Selasa, 21 Oktober 2008

Putri yang Menunduk

Mimosa pudica. Pernahkah anda melihat spesies ini? Menakjubkan, ya aku bilang menakjubkan dan ajaib. Sejak kecil, aku senang bermain dengannya. Kadang, kujahili dia dengan sebatang lidi atau kusentuh dia dengan jari-jariku yang kotor penuh lumpur. Setelah aku bermain bola atau bermain layangan di lapangan, tak lupa kukunjungi dia dan menyapanya. Jika terlalu sering kujahili, dia sering marah dan membuat jari dan betisku terluka terkena tangannya yang tajam sehingga membuatku menangis dan melaporkannya pada Ibu. Tetapi setelah itu, aku selalu kembali dan bermain dengannya lagi.
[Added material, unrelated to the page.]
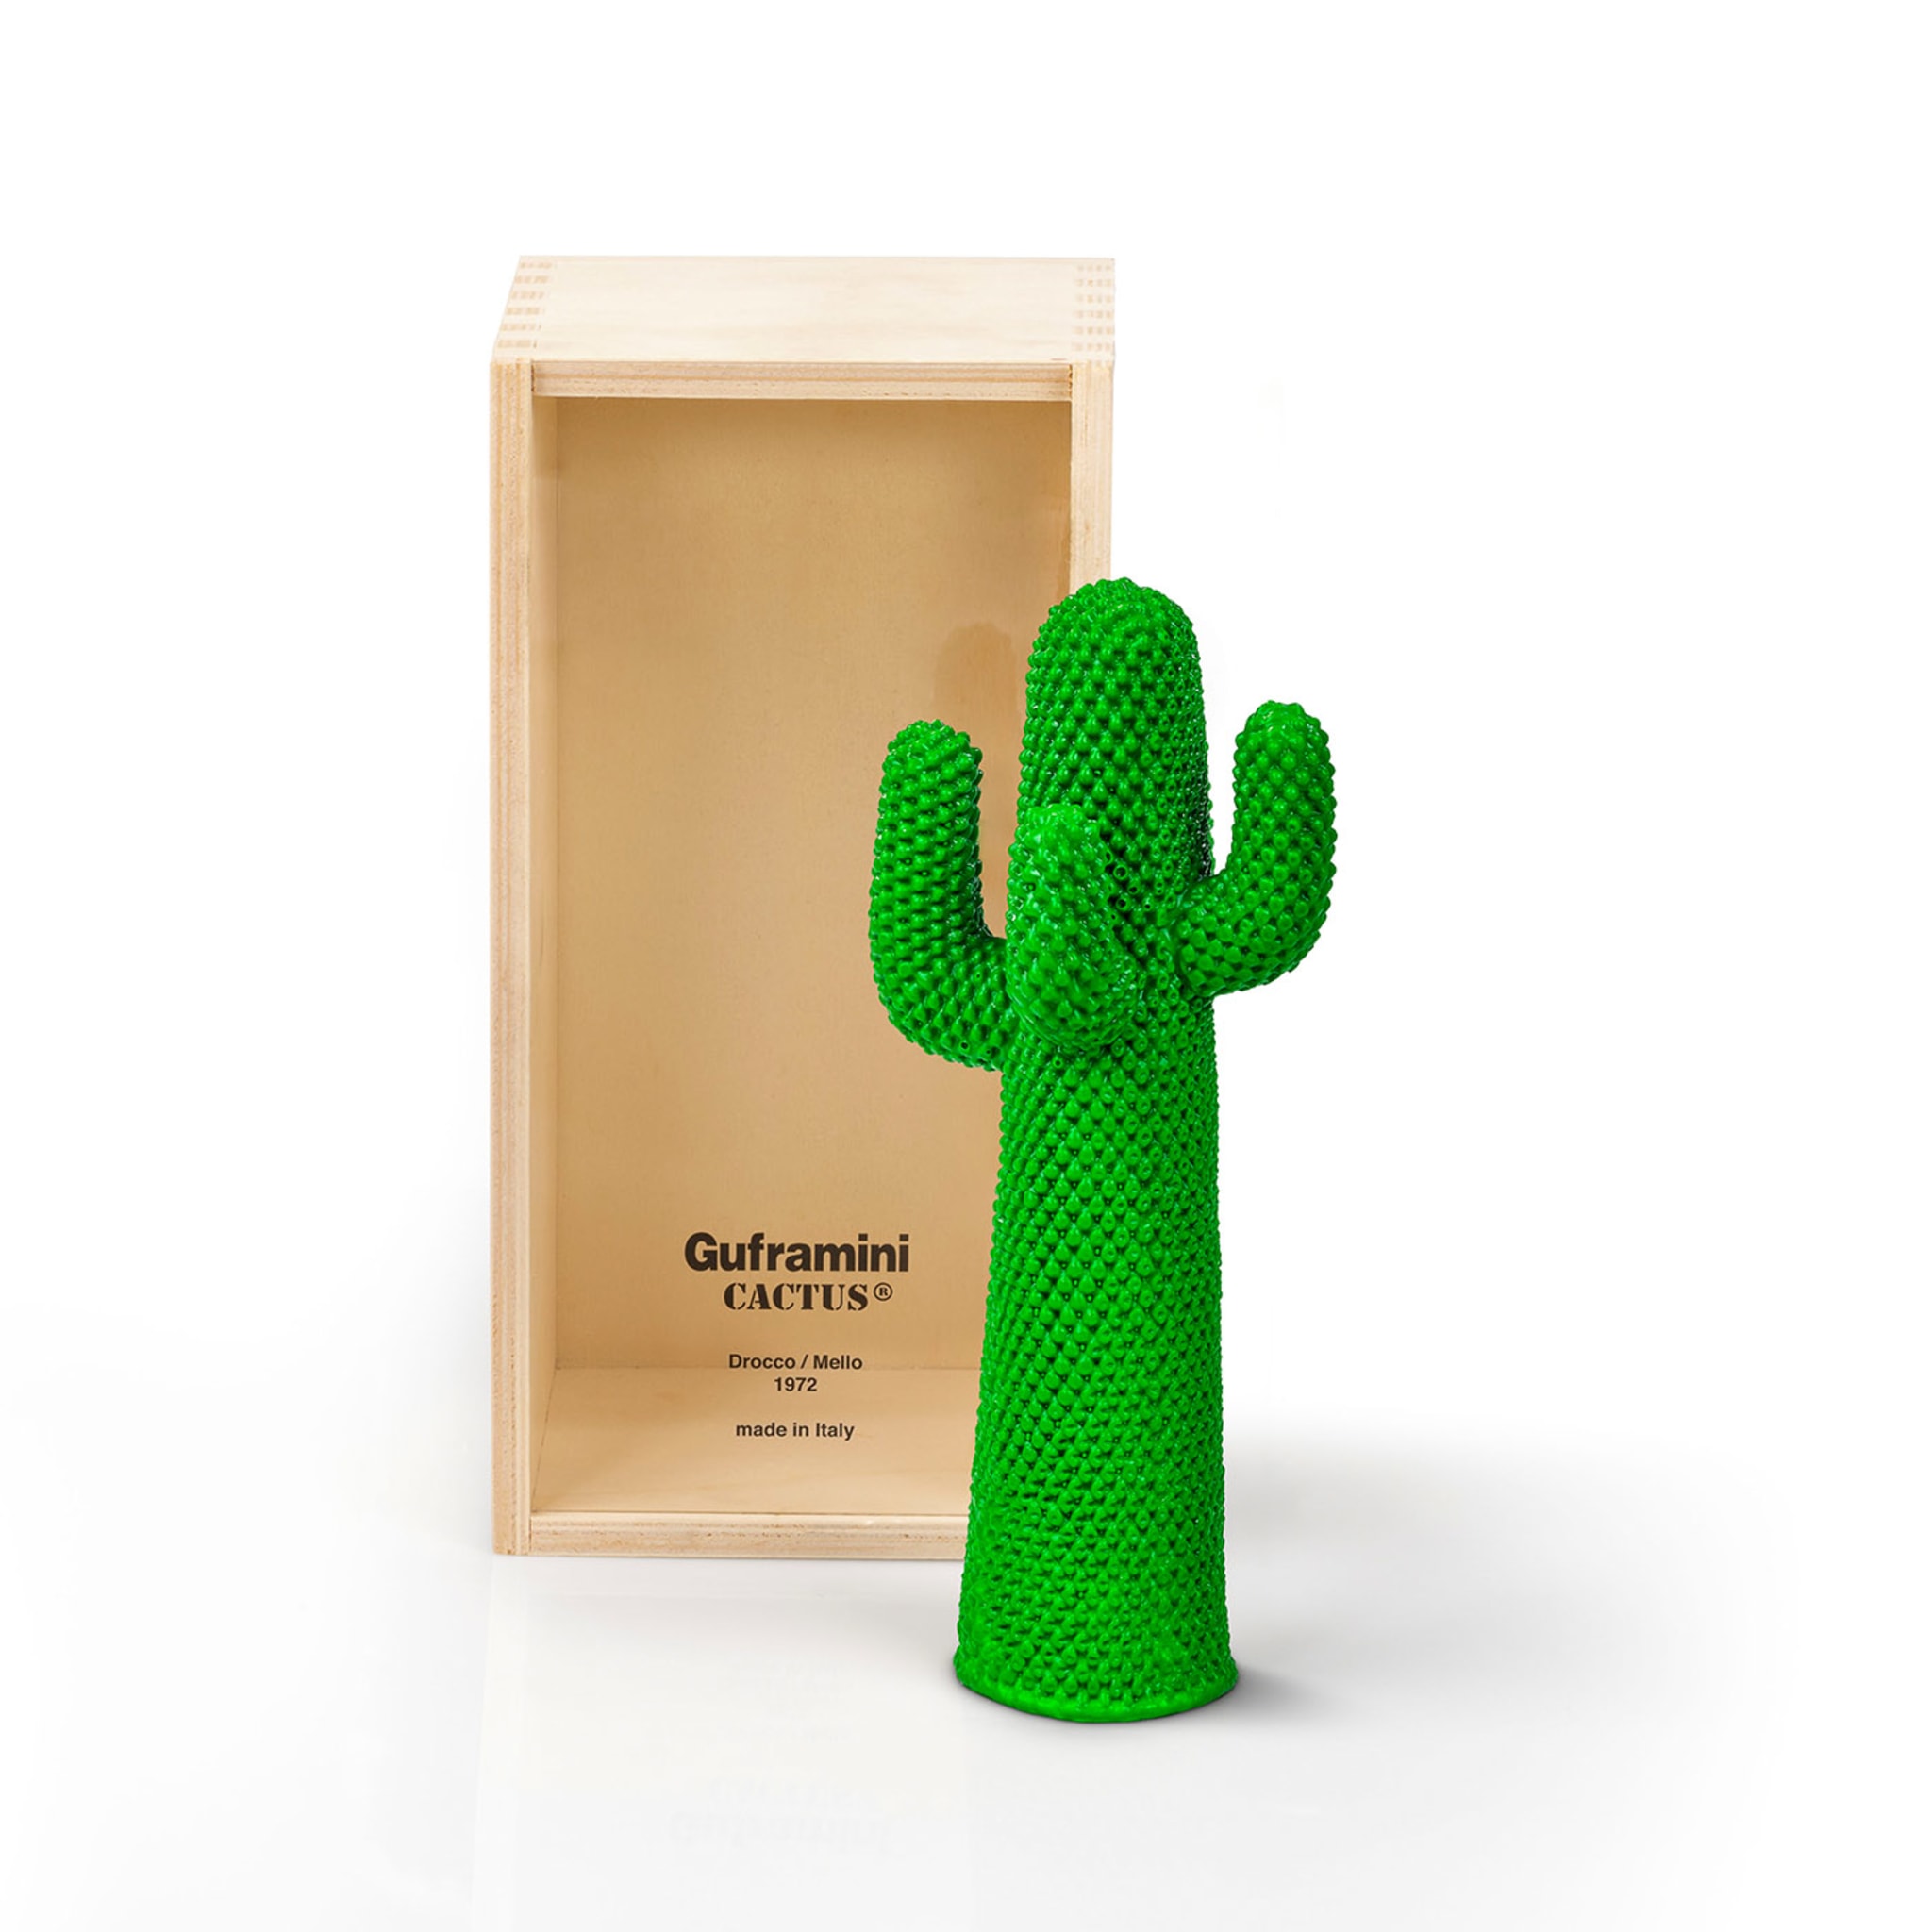 Guframini Cactus - Alternative view 2

Kadang dia kupanggil dengan sebutan putri saja. Sampai sekarang aku masih menyimpan kenangan dengannya. Waktu SMP, aku juga sering menjumpainya untuk menjawab pertanyaan-pertanyaanku tentang masalah Biologi, tentu saja yang berhubungan dengan dirinya. Karena keterpaksaan melaksanakan tugas dari guruku, aku sampai tega mendekatkan bara api ke tubuhnya yang lembut sampai ia berteriak dan menunduk dalam-dalam. Butuh beberapa lama untuknya kembali percaya diri mengangkat kepalanya dan aku harus meminta maaf dengan tulus untuk itu.
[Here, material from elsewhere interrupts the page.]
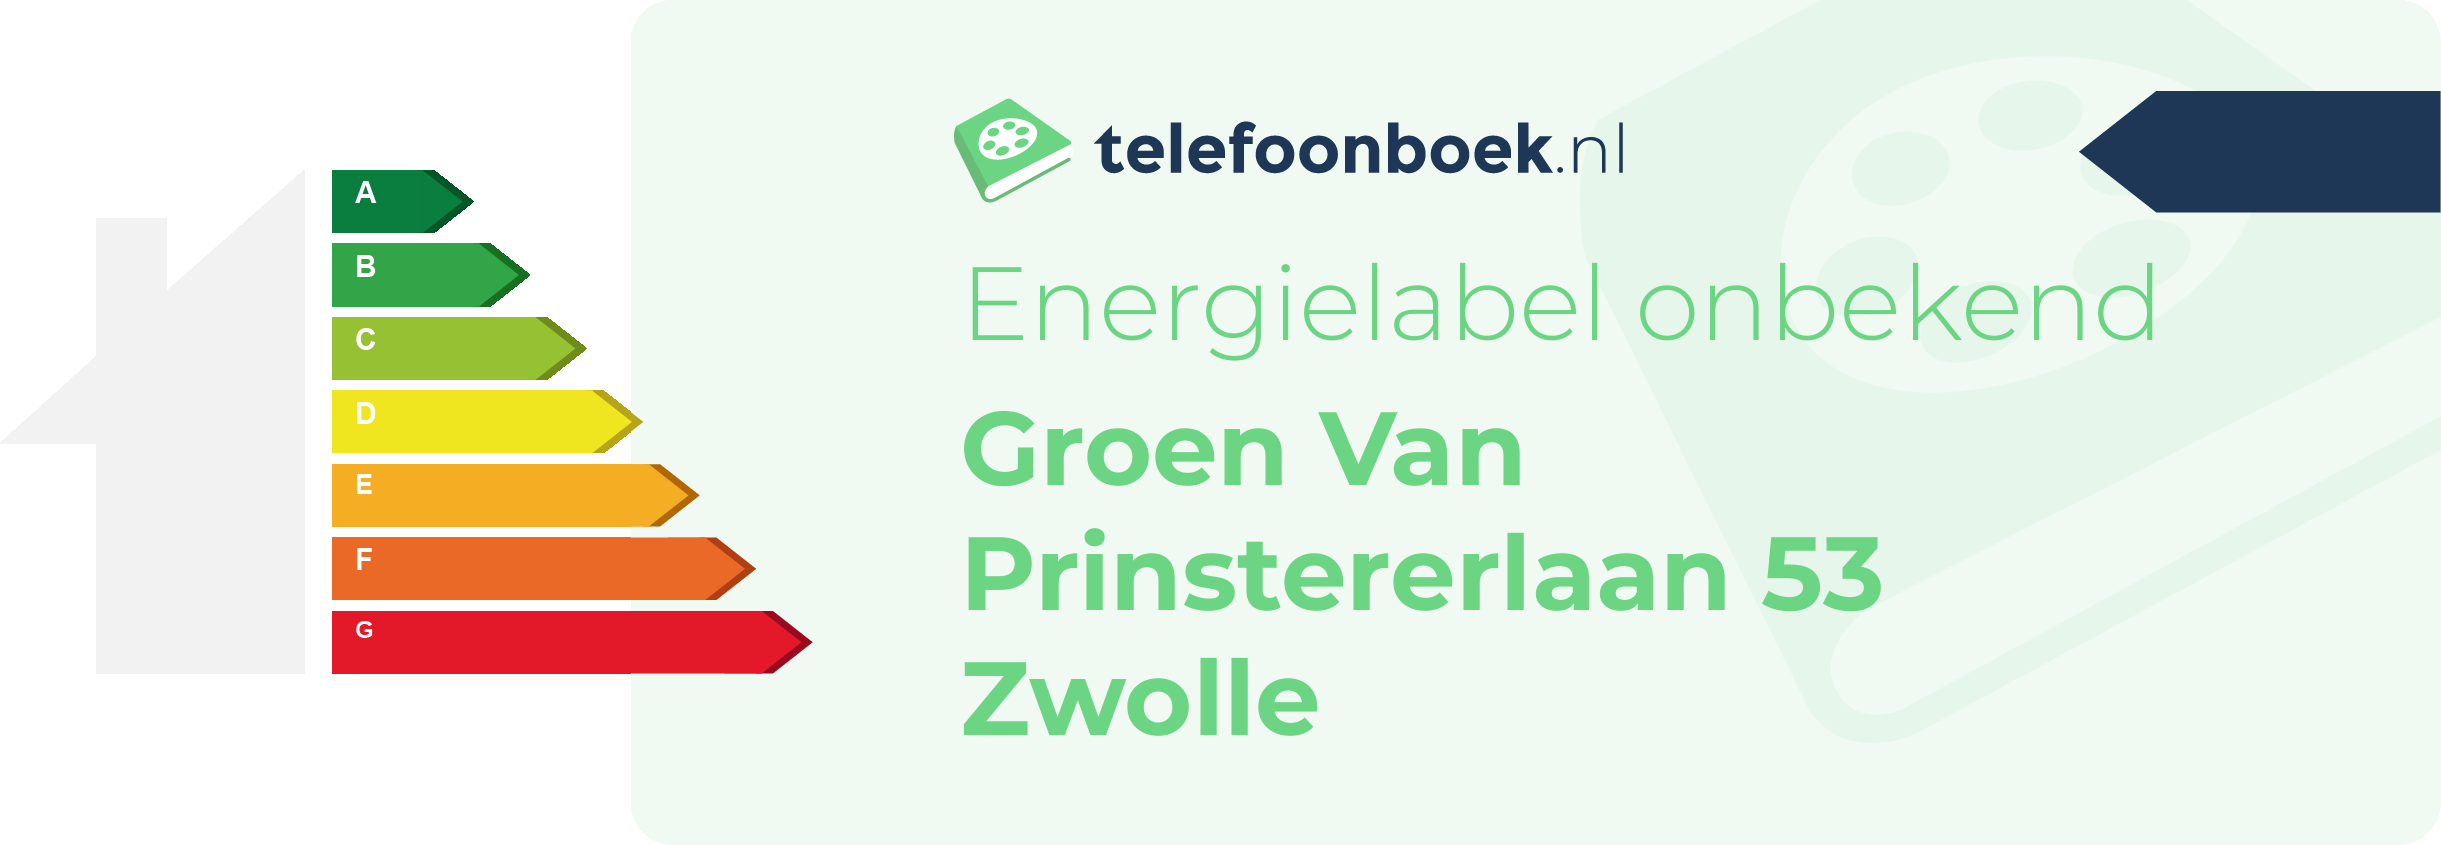 Energielabel Groen Van Prinstererlaan 53 Zwolle

Dulu, aku sering menjumpainya dimana-mana. Di ladang kakekku, di kebun tetangga, di pinggir lapangan bola, di kavling-kavling perumahan yang belum terpakai, di pinggir selokan, di sebelah pohon jambu, di bukit, di gunung, di halaman rumah orang lain, di pematang-pematang sawah, di kuburan sekeliling rumahku, di pinggir jalan raya desaku. Tetapi, dimana dia sekarang, aku tidak tahu. Entah karena kesibukan sekolahku atau karena dia marah padaku, kami jarang bertemu lagi. Atau jangan-jangan, dia sudah tak ada lagi di sekitar kehidupanku.
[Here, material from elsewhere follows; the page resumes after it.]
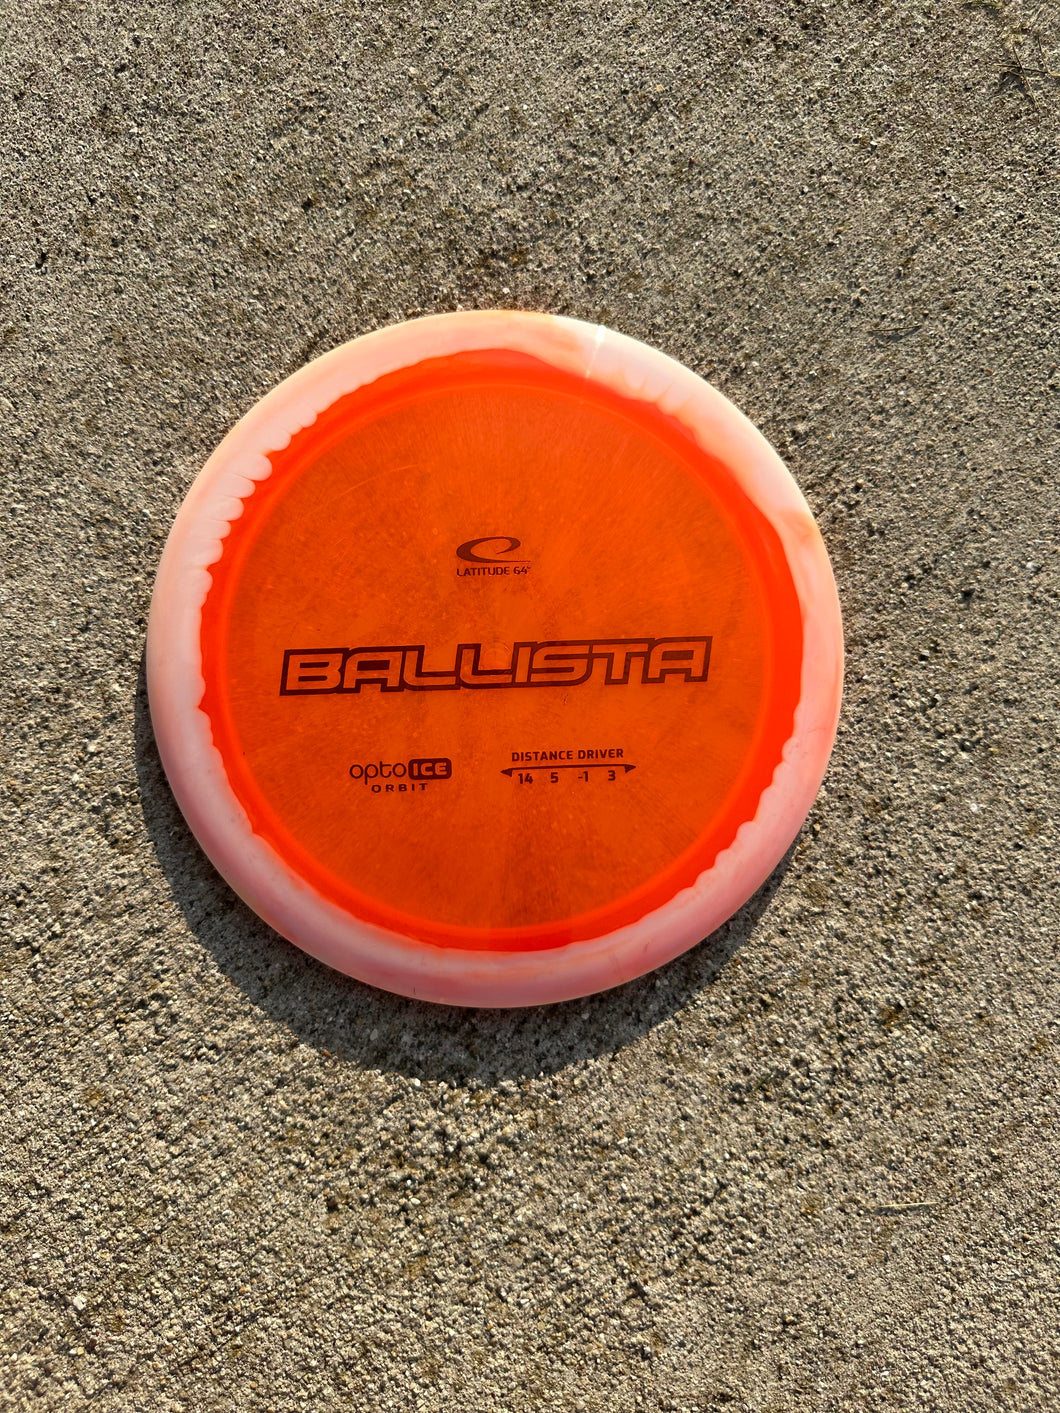 Latitude 64 Ballista Distance Driver 174g orange

Semua orang menyebutnya dengan panggilan putri malu. Bukan karena wajahnya yang buruk atau karena kelakuannya yang memalukan dia mendapat sebutan seperti itu. Anda tahu bukan? Jika dia disentuh, maka dia akan menunduk dalam-dalam. Dia akan menanggapi respon sentuhan kita dengan menutup daunnya yang bercabang-cabang. Sebuah ciri kehidupan yang alami dan ajaib. Sunatullah yang telah diberikan kepadanya, yang dengan bangga ditunjukkan kepada dunia. Dia seakan berkata, “Dunia, sentuhlah aku, dan aku akan menunjukkan padamu kehebatanku!”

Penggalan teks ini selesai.